This is the 2nd post on spark quirky characteristics. This is another one concerning corrupt files like what we covered in another post and how count behaves. This one can really throw people and leave them concerned about the use of spark and whether to trust it.
1st we’re gonna create a corrupt file to load. I’m using databricks for convenience.
broken_schema_txt = """category,subcategory,size
"widget A","slider 1",2
"widget A","slider 2",4
"widget C\\","slider 1",3
"widget D","slider 1",5
"widget E","slider 1",7
"""
filename = "broken_schema.csv"
tmp_path = f"/tmp/{filename}"
path = f"/FileStore/{filename}"
with open(tmp_path, "w") as file:
file.write(broken_schema_txt)
dbutils.fs.cp(f"file:{tmp_path}", path)
Next create a schema to load it.
from pyspark.sql.types import ArrayType,StructField,StructType,IntegerType,StringType
schema = StructType([
StructField("category",StringType(),True),
StructField("subcategory",StringType(),True),
StructField("size",IntegerType(),True)
])
Load the file, using badrecords path to bump out our broken records.
from pyspark.sql.functions import col
options = {
"header": True,
"delimiter": ',',
"escape": '\\',
"badRecordsPath": "/FileStore/broken_schema_badRecords"
}
df = (spark
.read
.format("csv")
.options(**options)
.schema(schema)
.load(path))
Action that with a count.
df.count()
Wait! What! 5! But when we display the records there is 4, because 1 row was bad and was excepted out to the bad records path. Is the count wrong?

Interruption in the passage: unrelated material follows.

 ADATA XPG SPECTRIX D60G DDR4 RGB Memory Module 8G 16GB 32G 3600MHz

What is happening here is that the count action is trying to be efficient. It doesn’t care what’s in the row, it only cares about the row delimiter and so doesn’t fully parse the data.

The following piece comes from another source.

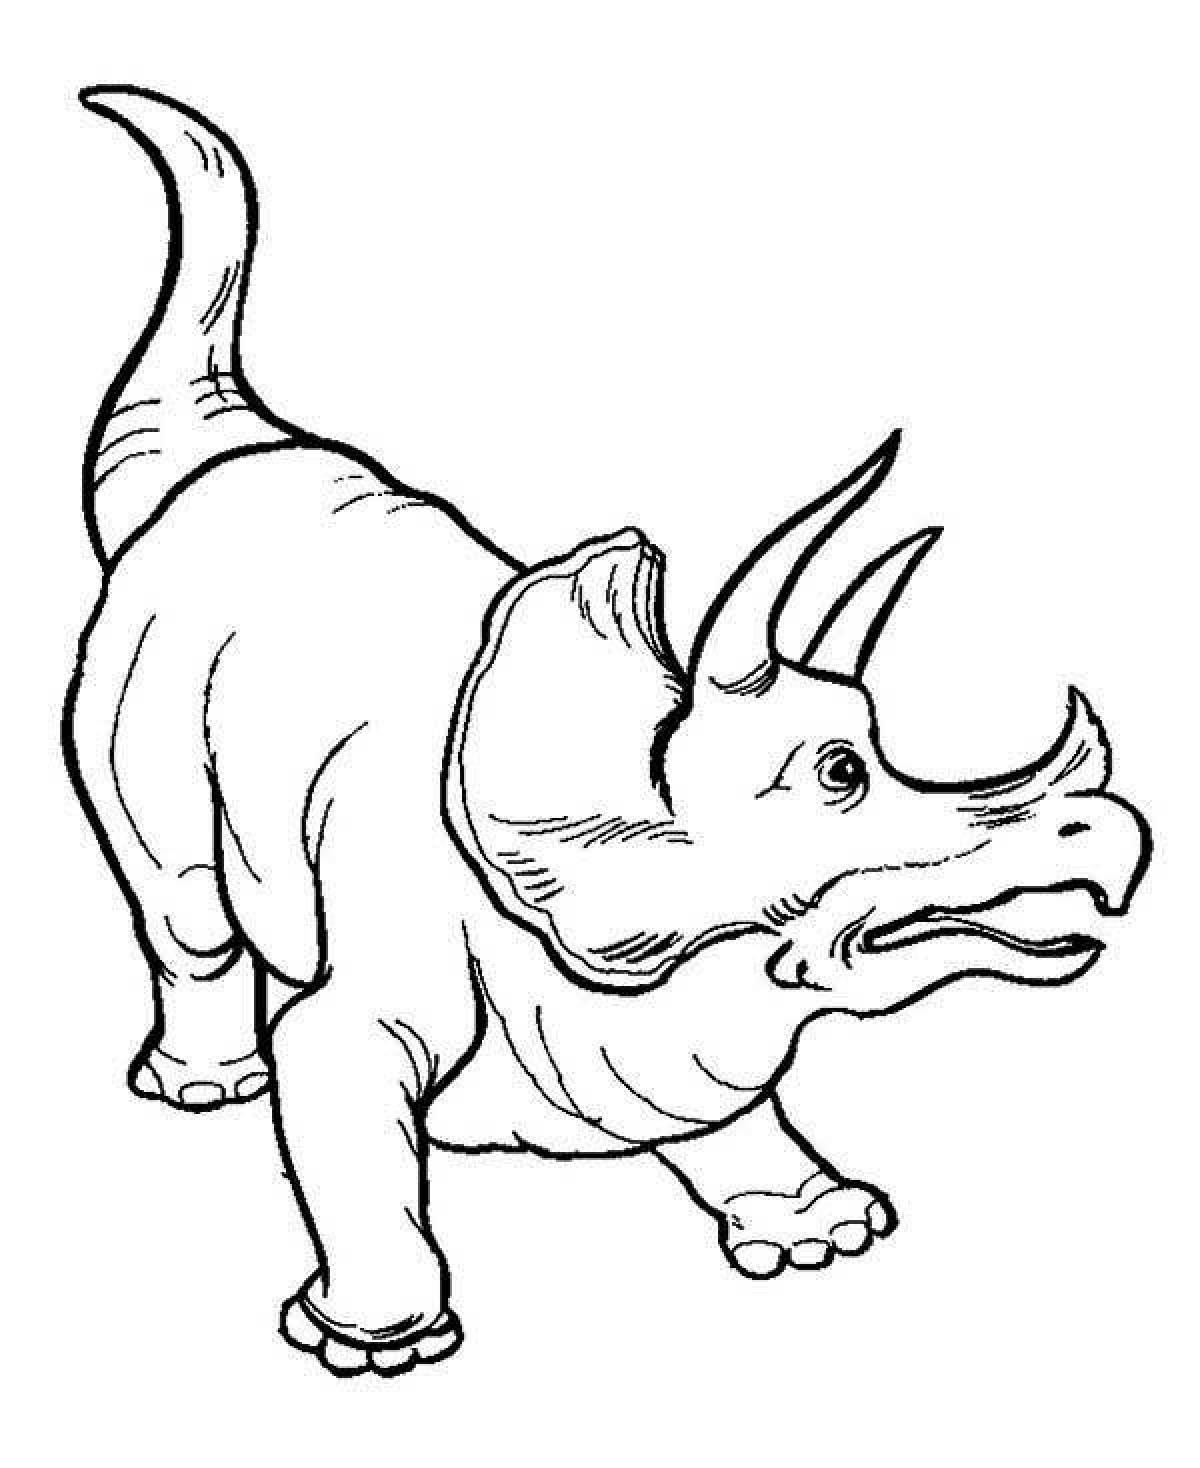 Coloring book nice triceratops dinosaur

Furthermore if you try to investigate the exception records at the bad path after the count action to get the count of excepted records the value will be 0 because there won’t be any. If we call count after the display() we’ll get 4 and the exception records will be written to the bad records path.
Thinking about how distributed map reduce works then this seems very intuitive but not if you’re used to working with a traditional RDBMS.
So how do we get an accurate count and get the rows to exception out as bad records? What can we do if we don’t want to call display or any other action? We need to do something that will fully materialise the dataframe. Spark has a bunch of actions but we don’t want to call one that is superfluous to the main aim, it just seems costly.
If you want to trap the count and validate records before doing further transformations and writing the data to the destination we can cache() it. A cache() is not an action, but if you call count after it then spark will fully parse the data. The counts will be correct and data rows will be excepted to the bad records path.
from pyspark.sql.functions import col
options = {
"header": True,
"delimiter": ',',
"escape": '\\',
"badRecordsPath": "/FileStore/broken_schema_badRecords"
}
df = (spark
.read
.format("csv")
.options(**options)
.schema(schema)
.load(path))
df.cache()
df.count()
And the count is correct! This can really throw people if you have a massive transform in play and your checking record counts that don’t add up. Since it’s happening way back in the read and depends where the count is called.
Knowing this you might be tempted to do this to get valid counts and invalid counts for auto reconciliation and logging frameworks.
invalid_count = df.count()
df.cache()
valid_count = df.count()
Don’t ever do this! Always trigger the rows to go to the bad record path and count those. Since if the builders of spark ever change this behavior or other behaviors around record parsing then your solution might be in trouble.
Lastly lets look at the query plans to see if there’s any difference using df.explain(). 1st without the cache.
FileScan csv [category#363,subcategory#364,size#365] Batched: false, DataFilters: [], Format: CSV, Location: InMemoryFileIndex(1 paths)[dbfs:/FileStore/broken_schema.csv], PartitionFilters: [], PushedFilters: [], ReadSchema: struct<category:string,subcategory:string,size:int>
And now with the cache. There’s clearly an in memory scan of the data here, so seems like obvious behavior. Since it’s gonna cache the full dataset for what ever comes next.
InMemoryTableScan [category#411, subcategory#412, size#413]
+- InMemoryRelation [category#411, subcategory#412, size#413], StorageLevel(disk, memory, deserialized, 1 replicas)
+- FileScan csv [category#411,subcategory#412,size#413] Batched: false, DataFilters: [], Format: CSV, Location: InMemoryFileIndex(1 paths)[dbfs:/FileStore/broken_schema.csv], PartitionFilters: [], PushedFilters: [], ReadSchema: struct<category:string,subcategory:string,size:int>
When hitting weirdness, looking at the query plan offers clues as to what’s going on; it doesn’t matter what the data engine is.
Having worked on spark for a while then main draw back with the dataframe API’s is not having a specific action to simply execute the query plan with no other side effect. E.g. in sql you write a sql query and execute it. I would like to see an execute() action in spark that does nothing more that execute the query plan rather than using hacks like cache() or other actions to get the desired effect.